From the listing that follows, output everything exactly except the pictures.

**Recorded information**:
· · ·

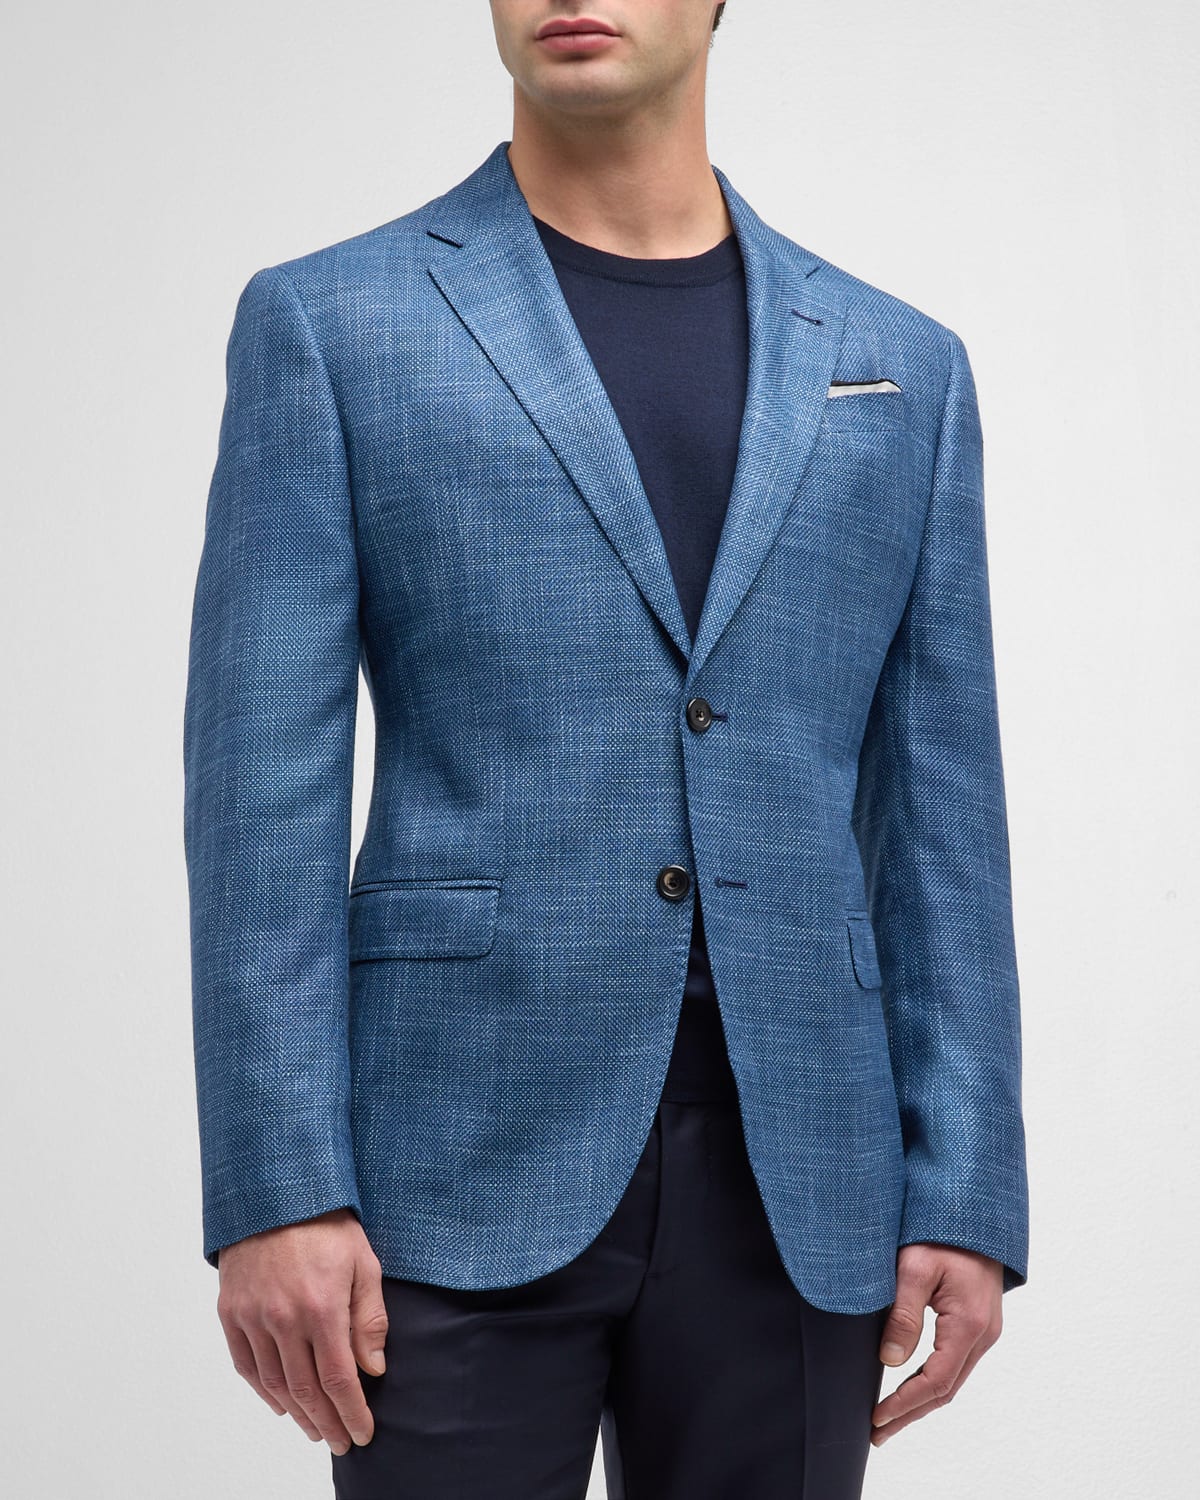 Emporio Armani Men's Textured Viscose Sport Coat In Solid Medium Blue
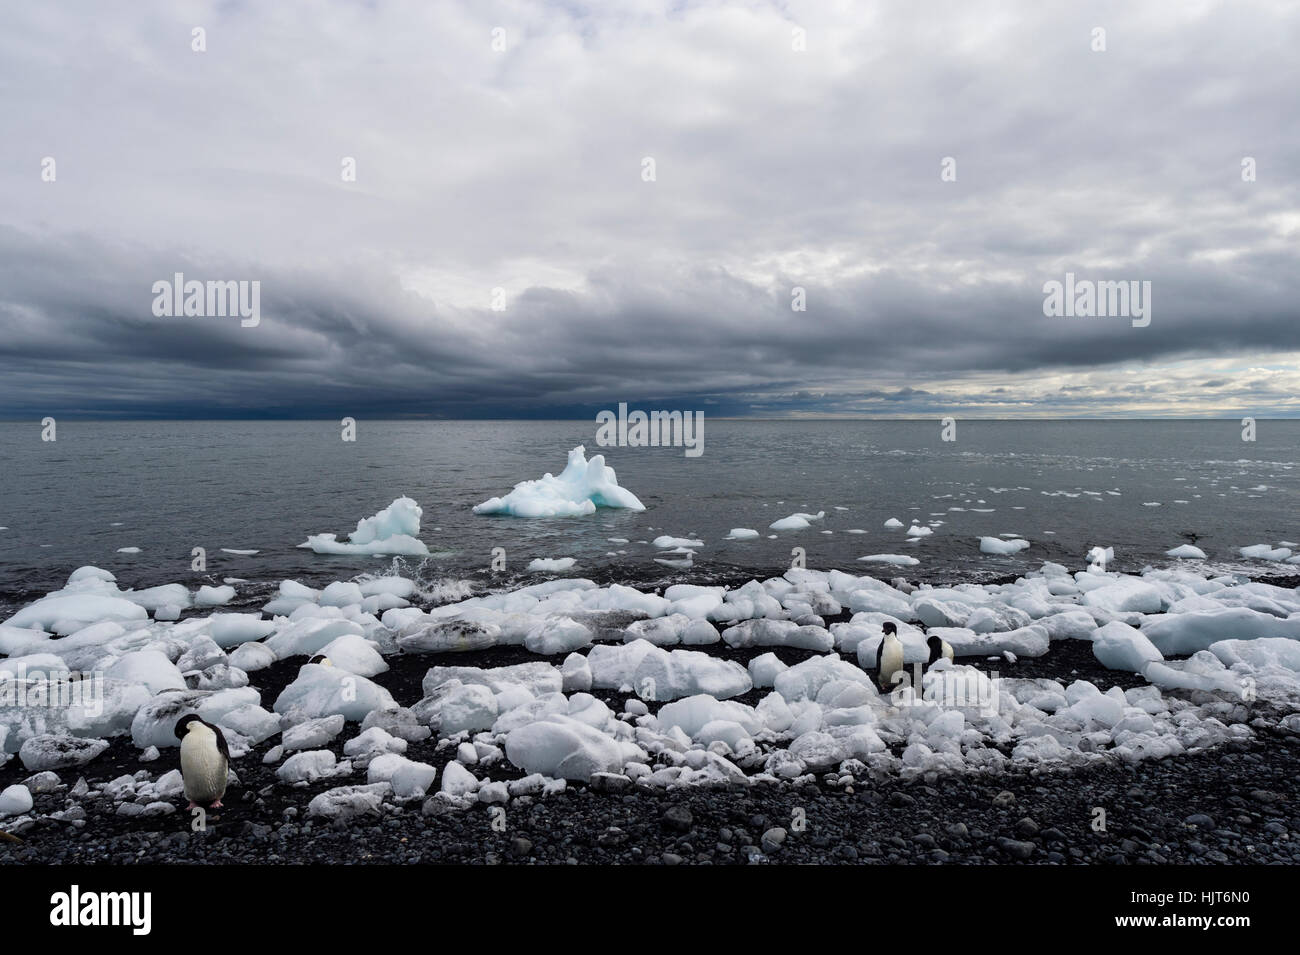 Blocs de glace d'un glacier se rassemblent le long d'une plage volcanique dans l'Antarctique. Banque D'Images
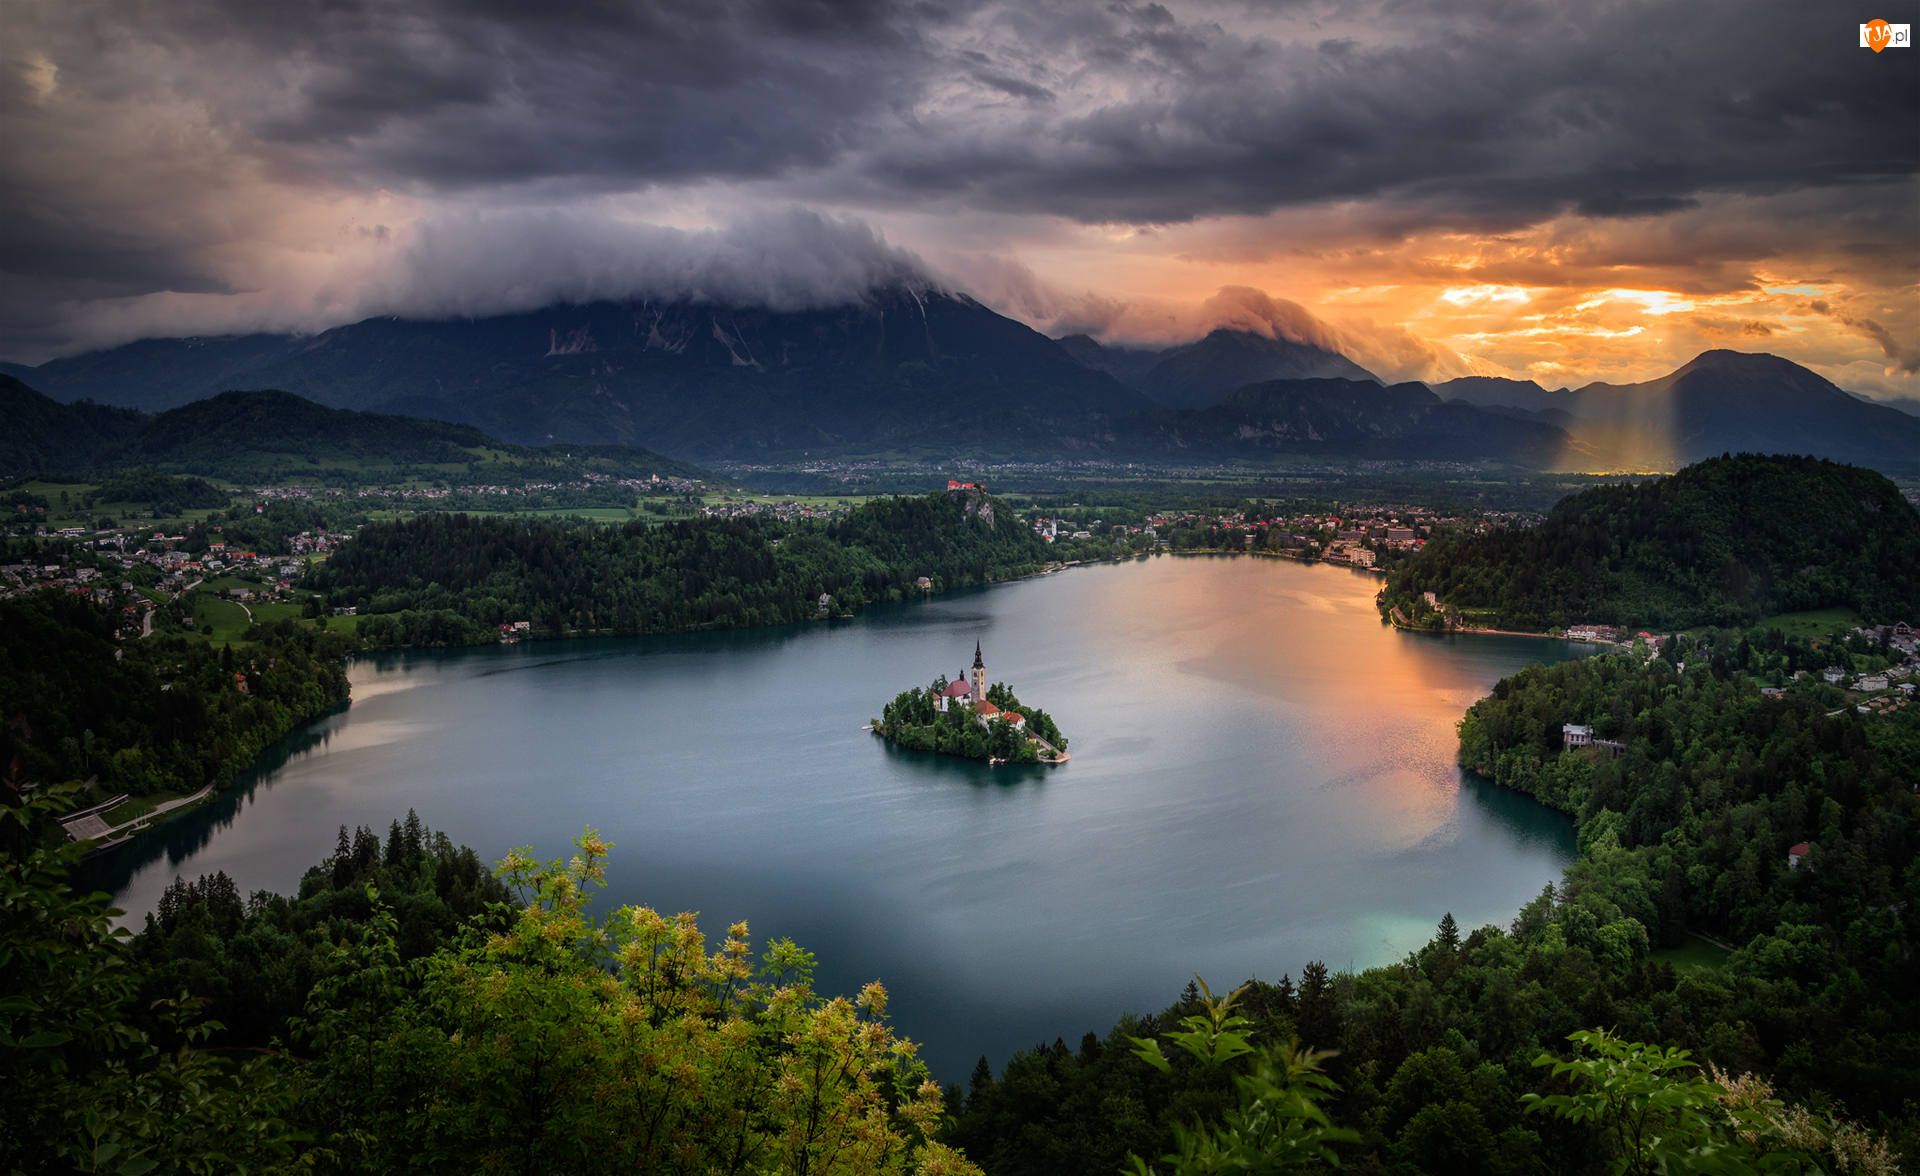 Wyspa Blejski Otok, Góry Alpy Julijskie, Chmury, Słowenia, Przebijające światło, Poranek, Jezioro Bled

· · ·

**Written reply**:
 Emporio Armani Men's Textured Viscose Sport Coat In Solid Medium Blue
 Blocs de glace d'un glacier se rassemblent le long d'une plage volcanique dans l'Antarctique. Banque D'Images
 Wyspa Blejski Otok, Góry Alpy Julijskie, Chmury, Słowenia, Przebijające światło, Poranek, Jezioro Bled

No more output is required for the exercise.